The case of Giglio v. United States, 405 U. S. 150 (1972), is distinguishable. In that case a conviction was reversed because a member of the prosecution remained silent while the government’s key witness denied at trial that he had been promised immunity when the fact (as established by a government affidavit) was that another member of the prosecution had earlier promised the witness immunity in return for his testimony before the grand jury. The distinction between the Giglio case and *673the present cases is clear; in the present cases the defendants have failed to sustain the burden of proving an impropriety on the part of the prosecution.7

Nor can we accept the reasoning of, or the result reached by, the majority of the court in Burkhalter v. State, 493 S. W. 2d 214 (Texas Cr. App. 1973), cert. den. 414 U. S. 1000 (1973). We endorse the following thoughts expressed in the dissenting opinion filed by Morrison, J., in that case: “[T]he prosecution’s intention is not the critical factor. The rationale for permitting the jury to hear about an ‘arrangement’ is that such information may be a factor for determining the witness’ credibility. The witness’ motives and bias, then, are the controlling element. It, therefore, follows that the jury need not be given more information than the witness himself actually possesses.” 493 S. W. 2d at 219. We think that in the present cases the jury heard more than the defendants offered to show at the hearing on their motions.

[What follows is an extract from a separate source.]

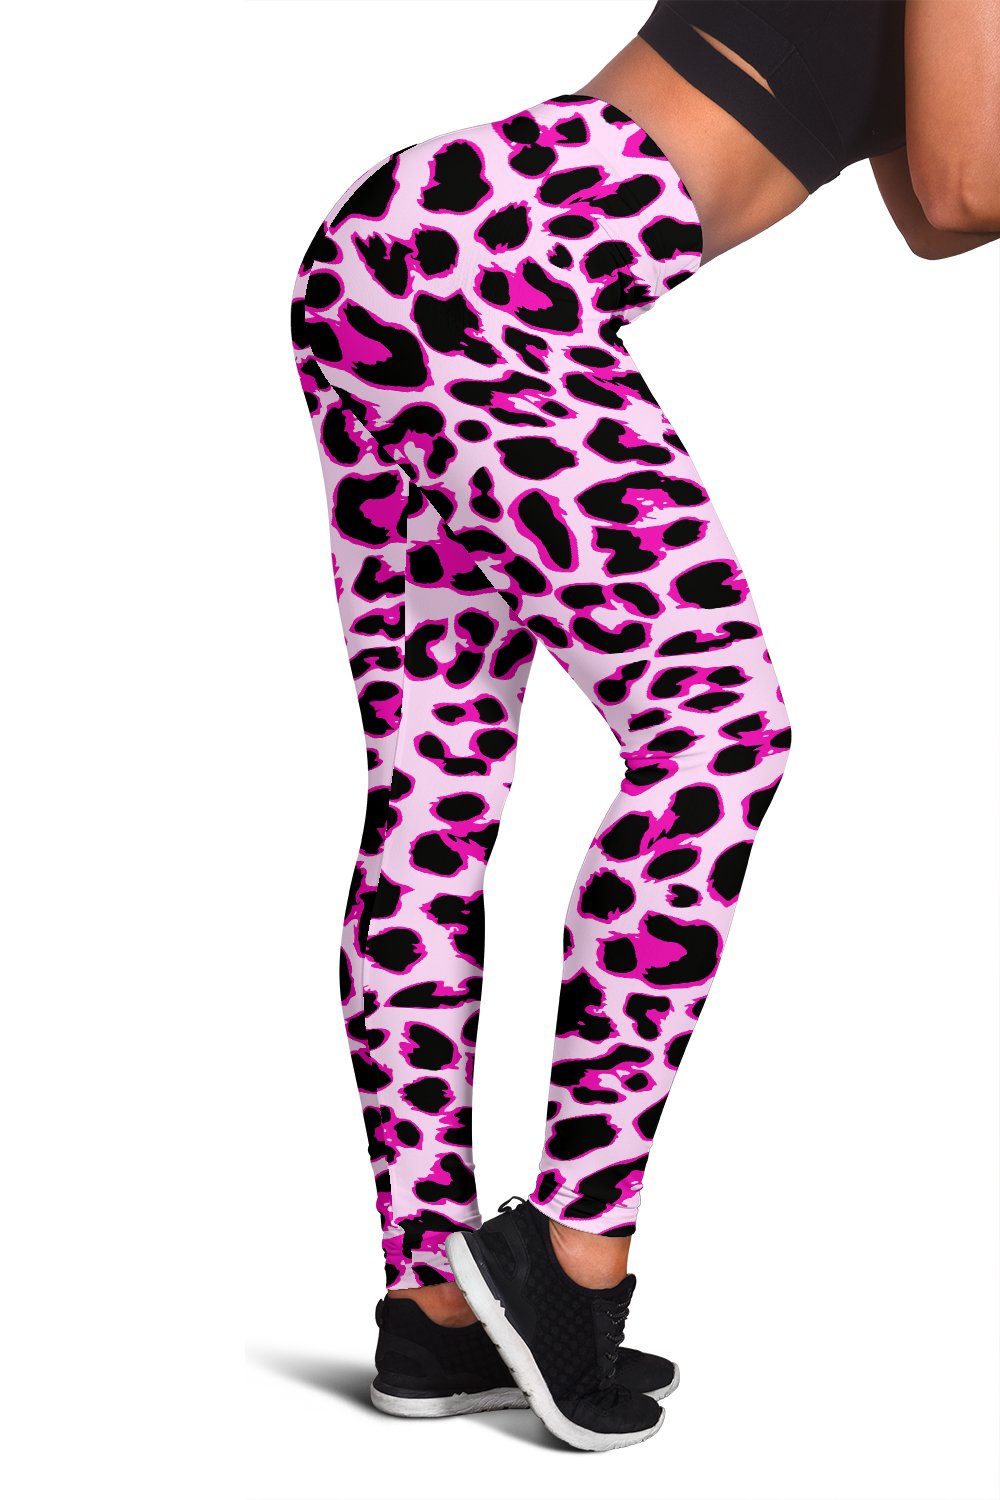 Meaningwave Neon Leopard Women's Tights

The orders denying the motions for a new trial filed on November 14, 1972, are affirmed.

So ordered.

The Superior Court approved a substitution of counsel for Viera prior to the filing of the motions now under consideration. There has been no change of counsel for Lombardo.

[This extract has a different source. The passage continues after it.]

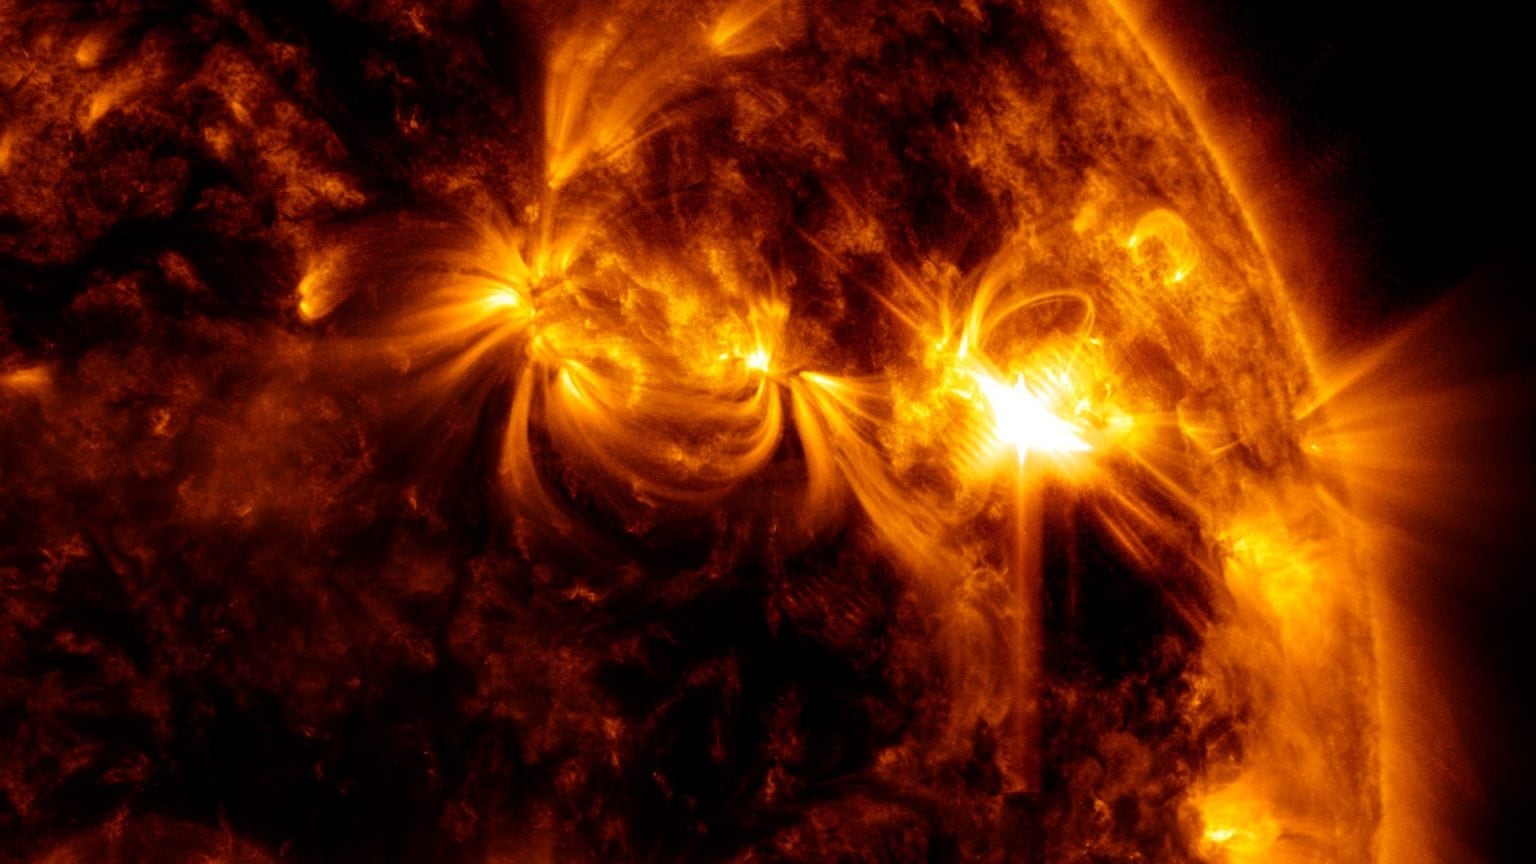 Sunspot ready to explode, may send solar flares Earthward, spark

The district attorney’s affidavit includes the following: “[A]t no time either prior to the indictments being returned or subsequent thereto have I or members of my staff communicated to Kevin Boily an offer of immunity or any inducements in return for his testimony as a Commonwealth’s witness in the prosecution of Kenneth Viera and Albert Lombardo. The above facts are true to the best of my knowledge and belief.” The assistant’s affidavit contained the following: “I never participated in any negotiations with Kevin Boily, the Commonwealth’s material witness, relative to immunity from prosecution. However, it was my understanding that he was not to be prosecuted for his participation in the aforementioned matter. 1 do not recall from what source I received that information."

All these facts had been matters of public record fdr more than a year prior to the commencement of the trial. The defendants no longer argue that they were “newly discovered” at the time when the present motions were filed on November 14, 1972.

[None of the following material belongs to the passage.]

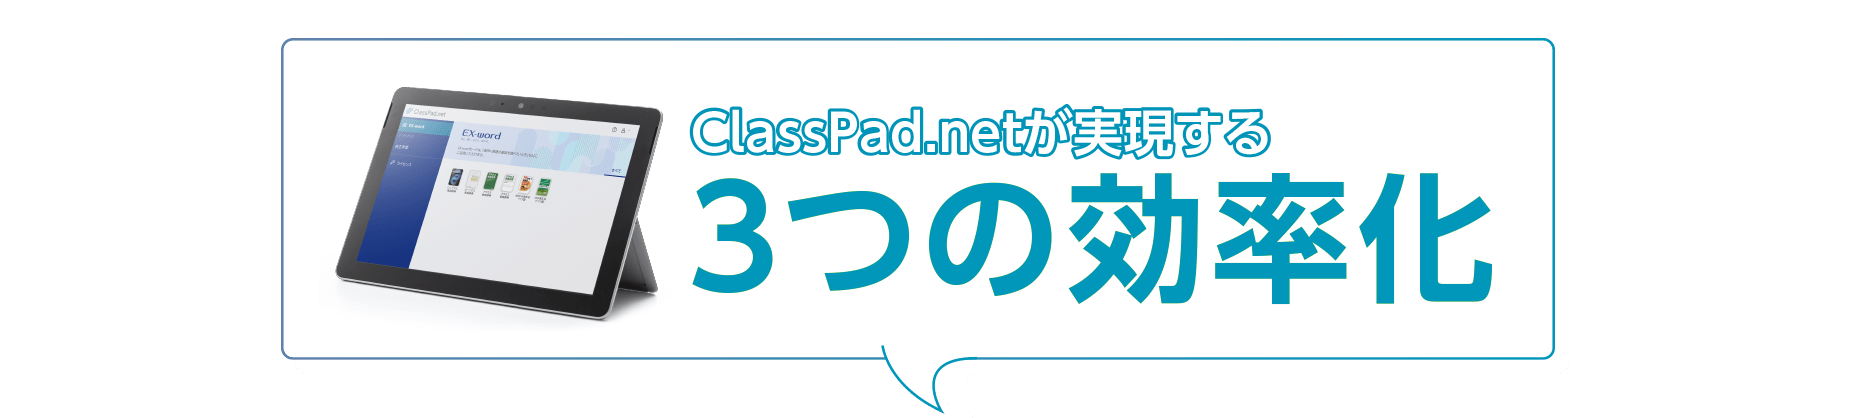 ClassPad.netが実現する３つの効率化

Boily testified on redirect examination that what he told the district attorney was what he had already told the Rhode Island and Massachusetts police at the time of his arrest.

We also concur with, the judge’s remark that it would have been better practice for the trial prosecutor to have revealed the precise state of affairs to the defendants.

Indeed, the defendants all but concede in their brief that the Giglio case does not apply unless the article in the Providence Journal was correct.